Солдат перестал работать и поплевал на руки.
— Не так уж, — раздумчиво произнес он, принимаясь снова за работу. — Одному бы, известное дело, — куда ж? А всем миром — отчего же! Со всем миром любой пойдет: у кого хоть и семья и дети, а я и всего — один.
— Что ж так?
— Не пришлось как-то. Да по солдатскому нашему положению трудно это. — Он опять поплевал на руки и вздохнул. — Была у меня на примете хорошая вроде женщина, душевная, из вдовых, швея. А привалила нужда, да еще дочка тут у нее заболела, ну и пошла сдуру-то. Себя не соблюла, словом… Дознался я, выследил да чуть было и не убил ее. Потом уж я понял — не сама она виновата: жизнь такая подлая!
Солдат зло зашвырял землю.
— Эх, Петро, Петро, только понимать начали понемногу, отчего что происходит, и вот на же тебе!
Медленно светлело небо над городом. Все яснее выступали из темноты контуры домов и церквей, черные стволы лип за Лебяжьей канавкой.
— А ты сам кто же будешь-то, откуда? — спросил солдат, кончив рыть и укладывая заступ на телегу.
— Пешков. Из Нижнего.
— Из Нижнего? Жаль, не земляки! Мы-то с Вятки. Слыхал, может, — город такой, Яранск? Мы оттуда. Ну, до свиданьица, человек хороший.
Он протянул Горькому жесткую, шершавую руку и, крепко, с видимой сердечностью пожав горевшую от непривычной работы ладонь писателя, дернул грязные веревки вожжей. Телега тронулась.
Горький стоял молча, задумчиво, помахивая рукой. Ему вдруг показалось, что это был тот самый солдат, которого он ударил прошлой осенью в Александровском парке.
ШУРАЛЁВ
В стороне от города за судоремонтным заводом стоят в речном затоне отжившие свой век суда. По берегу тянется к тупику заброшенная железнодорожная ветка. В долгие осенние ночи, если ветер дует снизу, от океана, вода в затоне поднимается и хлюпает между бортами полузатонувших буксиров и барж.

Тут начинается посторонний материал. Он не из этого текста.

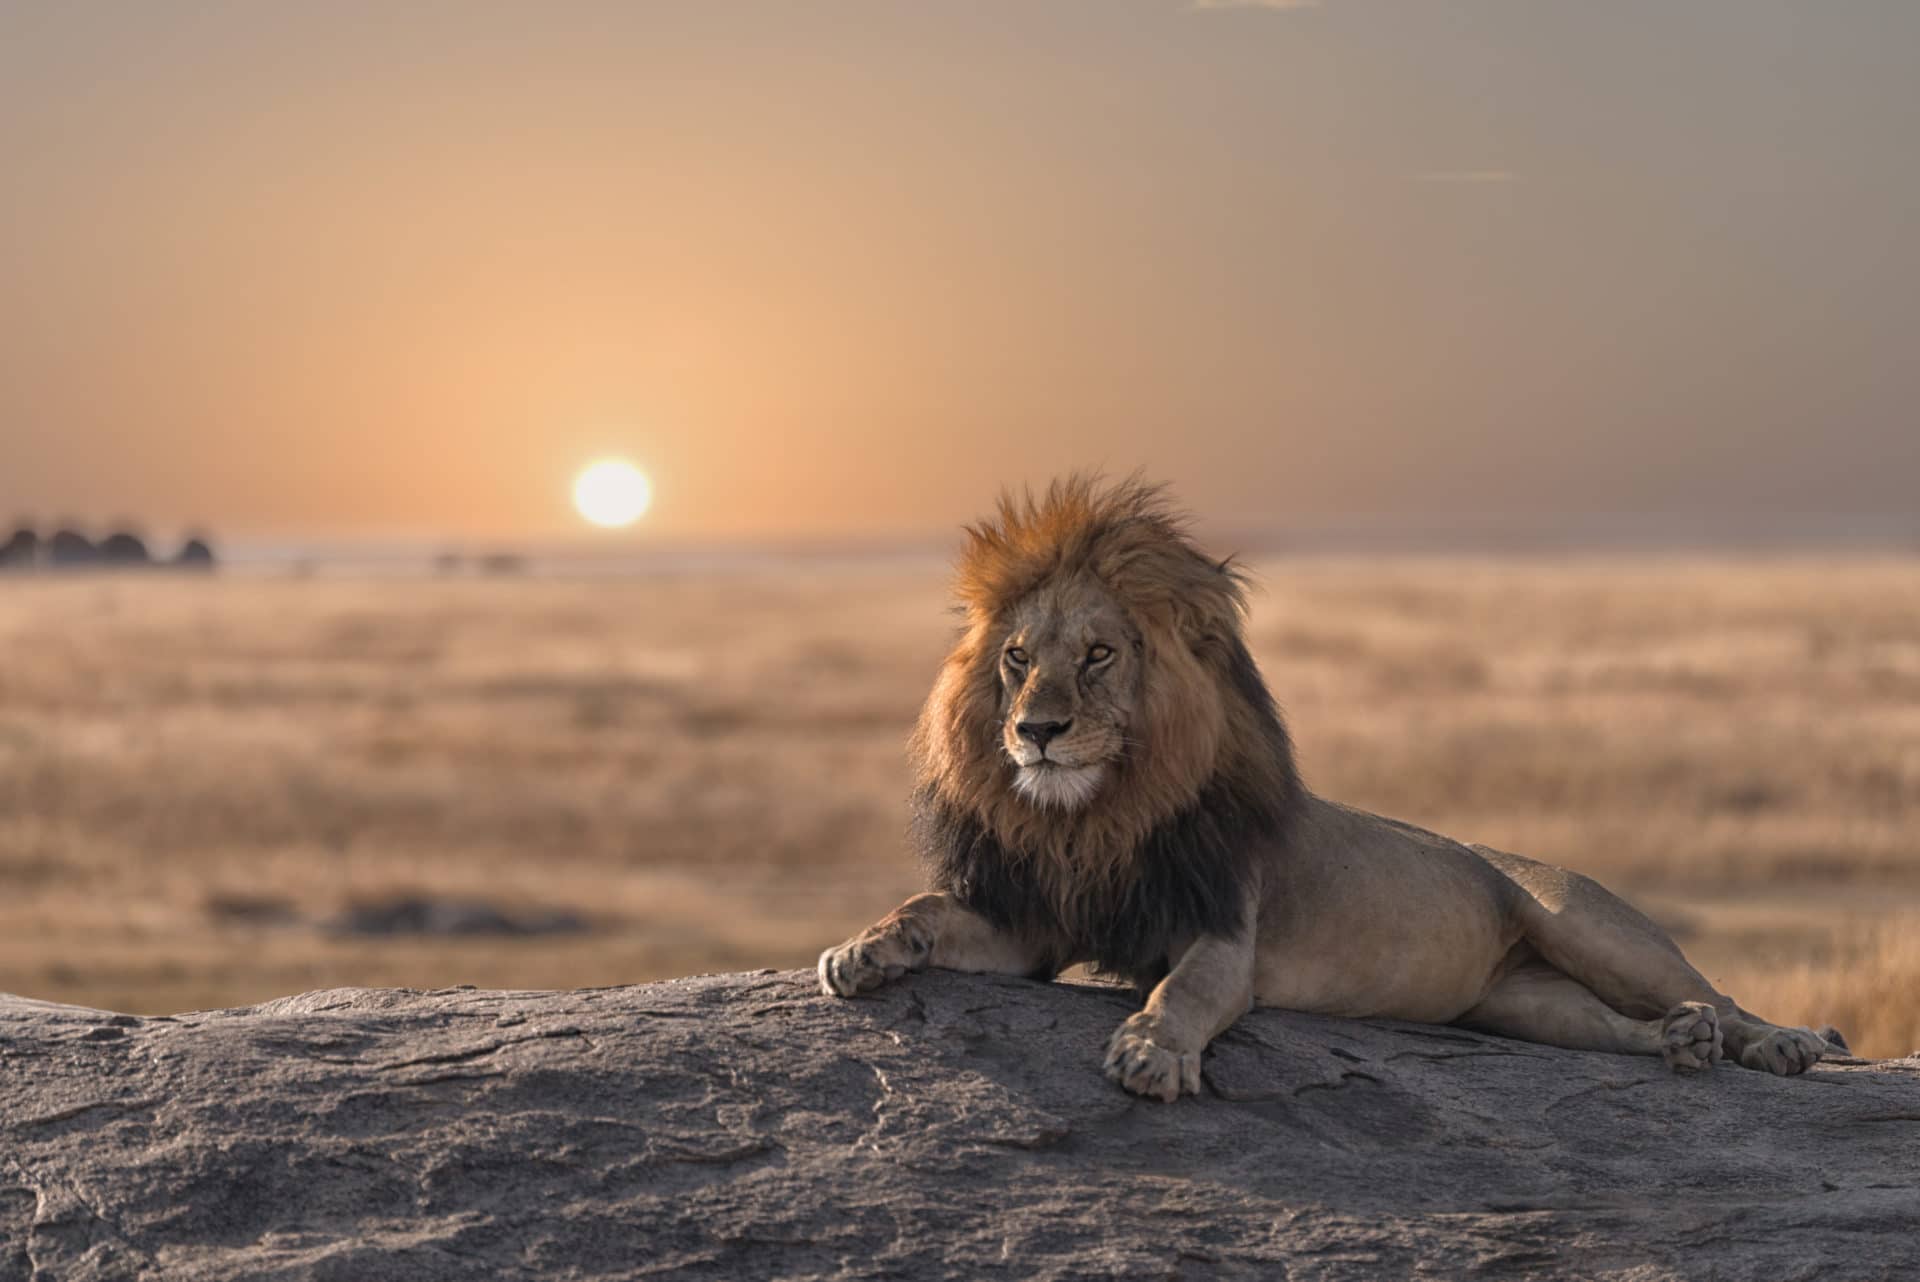 Lion on Safari in Tanzania

Сторожу Анисиму Митрофановичу Шуралеву в такие ночи не спится. Еще задолго до рассвета он выходит из будки и прислушивается. В полутьме поскрипывают старые суда, шевелится на ветру рангоут, и кажется, что вся речная армада оживает, будто собирается в поход.
Шуралев, щурясь, вглядывается из-под руки в сизую даль Енисея и негромко вздыхает.
— Нет уж, наше с вами время прошло. Чего уж теперь! — вслух говорит он кому-то.
Еще до первого заводского гудка в поселке один за другим зажигаются в окнах домов желтые утренние огни. Люди поднимаются от сна, готовятся идти на работу. У пристани шумно дышит паромный буксир; по бревенчатому настилу, рыча, спускаются к переправе грузовики.
«Сейчас сноха придет с ребятишками», — думает Шуралев.
Действительно, у ворот раздается быстрый и легкий топот. С пригорка к деду несутся наперегонки Любашка и Ленька. За ними торопливо шагает сноха Таисья в негнущихся брезентовых штанах, в жесткой куртке; издали посмотреть — все равно, что мужик, только стать не та.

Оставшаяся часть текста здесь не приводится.